Business and Markets

How companies can move from playing ESG defense to ESG offense

November 30, 2022  • Judy Samuelson

On Nov. 22, the US Labor Department released a ruling to allow—and even encourage—retirement plans to consider ESG factors in investment decisions, stating that prudent investment on behalf of future retirees “may often require” plan fiduciaries to consider the human and planetary costs, or risks, of doing business.

Secretary of Labor Marty Walsh said the rule “clarifies that retirement plan fiduciaries can take into account the potential financial benefits of investing in companies committed to positive environmental, social, and governance actions as they help plan participants make the most of their retirement benefits.”

The decision reverses constraints placed on ESG investment by the Trump administration.

On top of the SEC’s proposed rules on climate disclosure, and considering the growing interest, especially by younger investors, in understanding both the risks and costs of the stocks they hold—well, we can safely assume ESG investment is here to stay.

The politics of ESG

“ESG” builds on ideas initially dubbed socially responsible investment, or SRI, which first took hold in the 1960s and 70s. Attempts to integrate “non-financial” performance of companies into money management have captured more and more market share ever since.

Investor demand and government rule-making will not, however, quell the debate over how and when to stand up to ESG critics or charges of executive overreach. ESG is now a political football and shorthand for everything the right sees as wrong with corporate America. Environmentalists have concerns about “greenwashing” and confusions of ends—is ESG investment about selling funds or is it about real impact?

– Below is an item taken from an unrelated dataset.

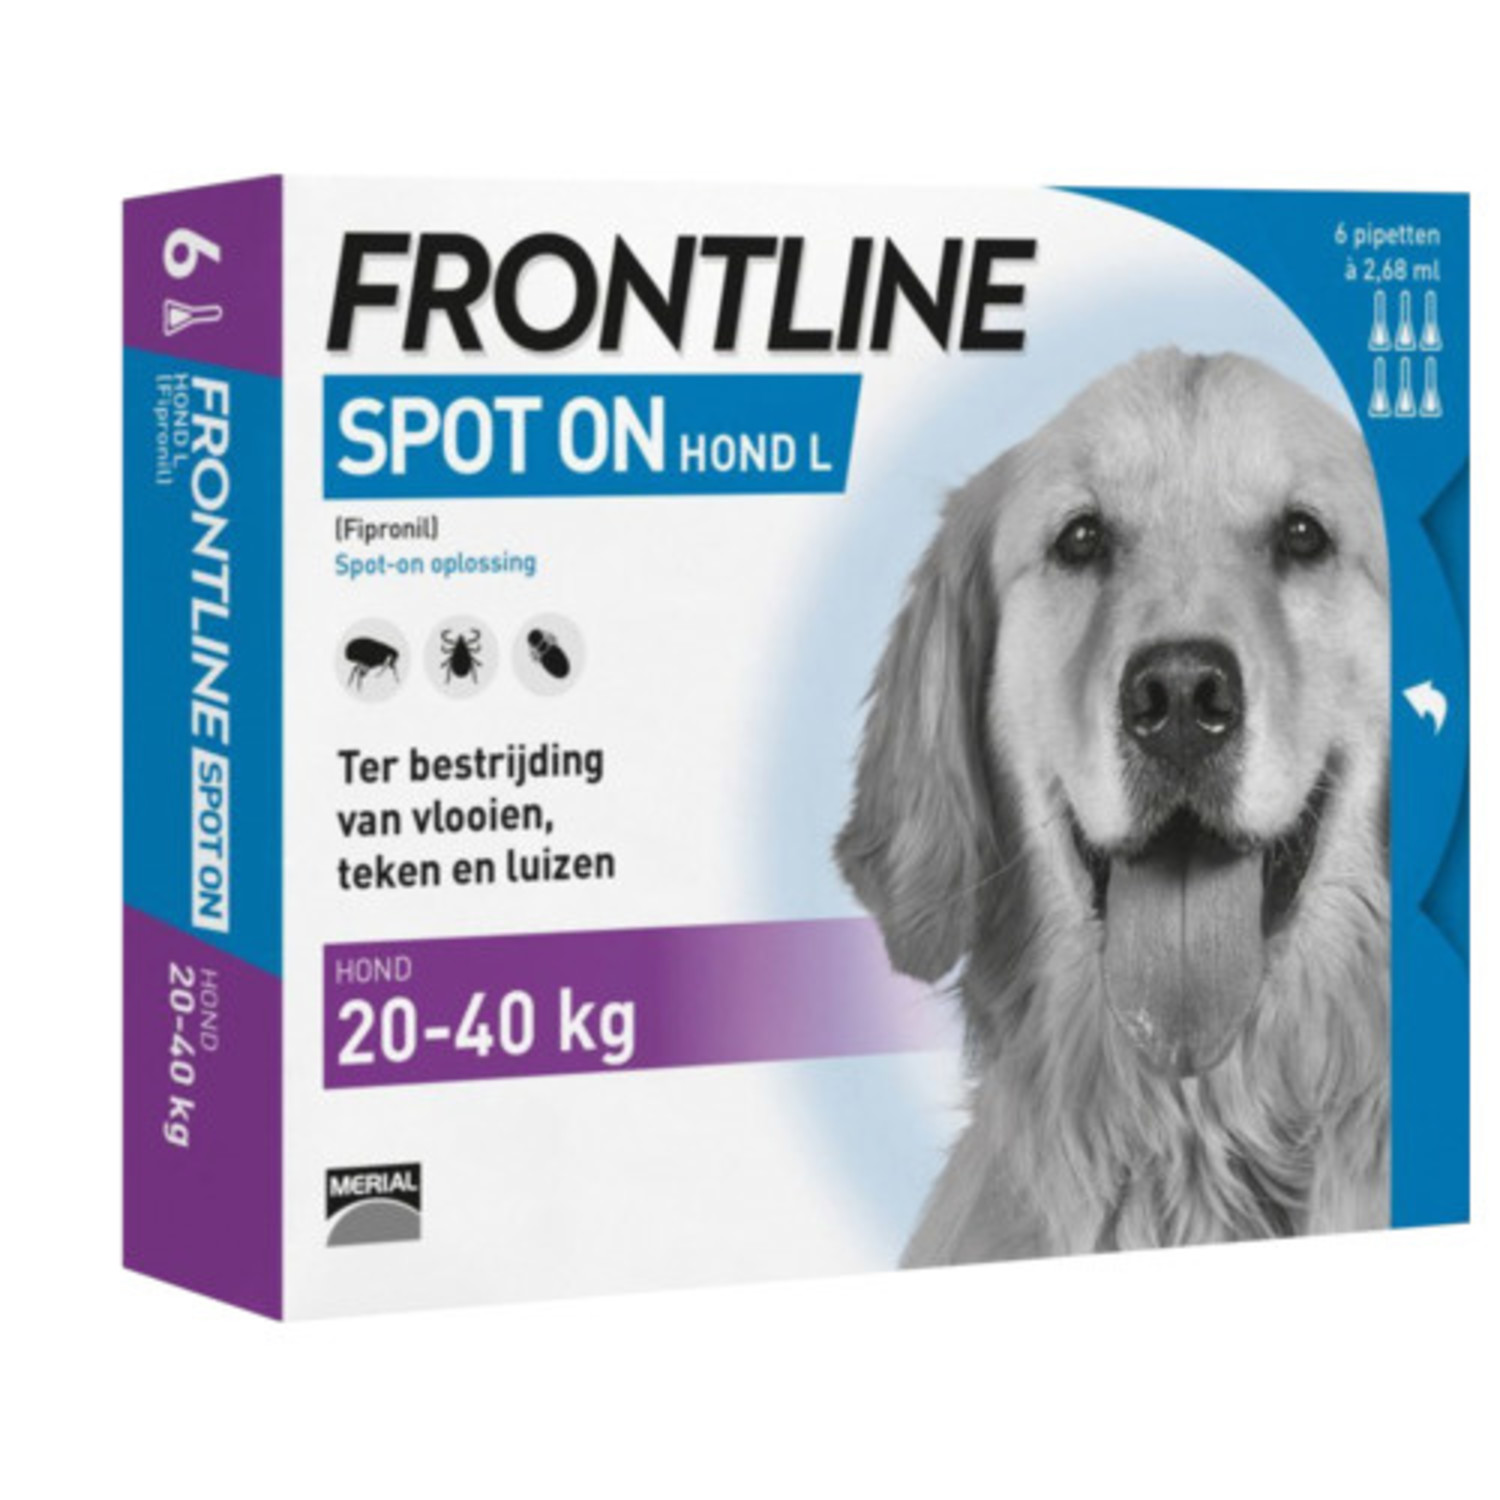 Kwaadaardige tumor hoog botsing Frontline Spot On Hond L (20 tot 40 kg) 6 pipetten - Agridiscounter

Boards, executives, and those who advise them are bracing for headwinds that may only strengthen as we lean into the next US presidential election. How should companies respond? And what does this moment mean for corporations committed to taking the long view—to making investments to address firm-specific and systemic risks in an uncertain business environment, investments that will only prove out in time?

The return to business principles

The most obvious response is to return to business principles and priorities. Executives are on firm ground when ESG concerns connect to the long-term health of the enterprise. Today, that may mean stepping into domains that are outside the control of an individual business, like a textile firm that joins with other manufacturers to ameliorate working conditions in the supply chain, or a food retailer that collaborates with producers to reverse overfishing. In that context, ESG is not about politics; it is about recognizing long-term risks, building up resilience, and addressing practical realities.

None of this is easy, but regardless of the noise over ESG, these kinds of considerations are on the critical path to long-term value creation. The work begins with greater clarity about the aims of the corporation, aka corporate purpose.

Here are four things for boards to think about as executives come off the sidelines and play offense when it comes to their company’s intentions, execution, and voice.

1. Get clear on your corporate purpose

The first step for boards is to ask themselves three crucial questions:

  • What is the company’s real purpose—the one revealed by our business model and incentive systems?
  • Is it fully aligned with our stated intentions and commitments?
  • And what is critically important to achieving those ends, i.e. ensuring our long-term success?

2. Make sure the CEO can speak authentically to what matters most

In today’s media landscape, it’s not realistic for a company to stay completely silent on social issues. There is no such thing as a neutral stance. It is about building or retaining the trust of customers and employees. Authenticity is key.

Stop talking about non-specific stakeholders (investors-employees-customers-communities-environment) and speak directly to the health of the inputs and systems on which your company is truly dependent. Some call this “materiality”; it’s also common sense.

3. If your workers are not high on the list of critical inputs, ask why

Employees are not just “stakeholders”—they play an increasingly effective role in holding business to account for the social and environmental costs and impacts of their employers.

Edelman Trust data on the workplace reminds us that trust runs both ways—the executive that trusts the workers, earns their trust. When managed well, and fairly compensated, employees are real allies in the long game. What kinds of innovations will enable employees to deploy their unique knowledge of the supply chain or the customer experience, and therefore connect the business with communities of interest that influence the license to operate?

4. Think about complete systems change

The need for access to critical inputs (minerals or other natural resources, dependable workers, societal trust) takes us down the road to systems change. The work ahead requires boards to get comfortable with new domains where the smartest person in the room may be from an NGO—or a competitor locked into the same system.

We will not address the big problems that threaten to undermine the future of the business one company at a time. Collaboration and partnership are required. So are regulations and protocols that preserve our natural resources and return a fair share of profits to employees.

Accomplishing any of this starts with companies having absolute clarity on what matters most—and the willingness to speak powerfully about the conditions and essential inputs for long-term value creation.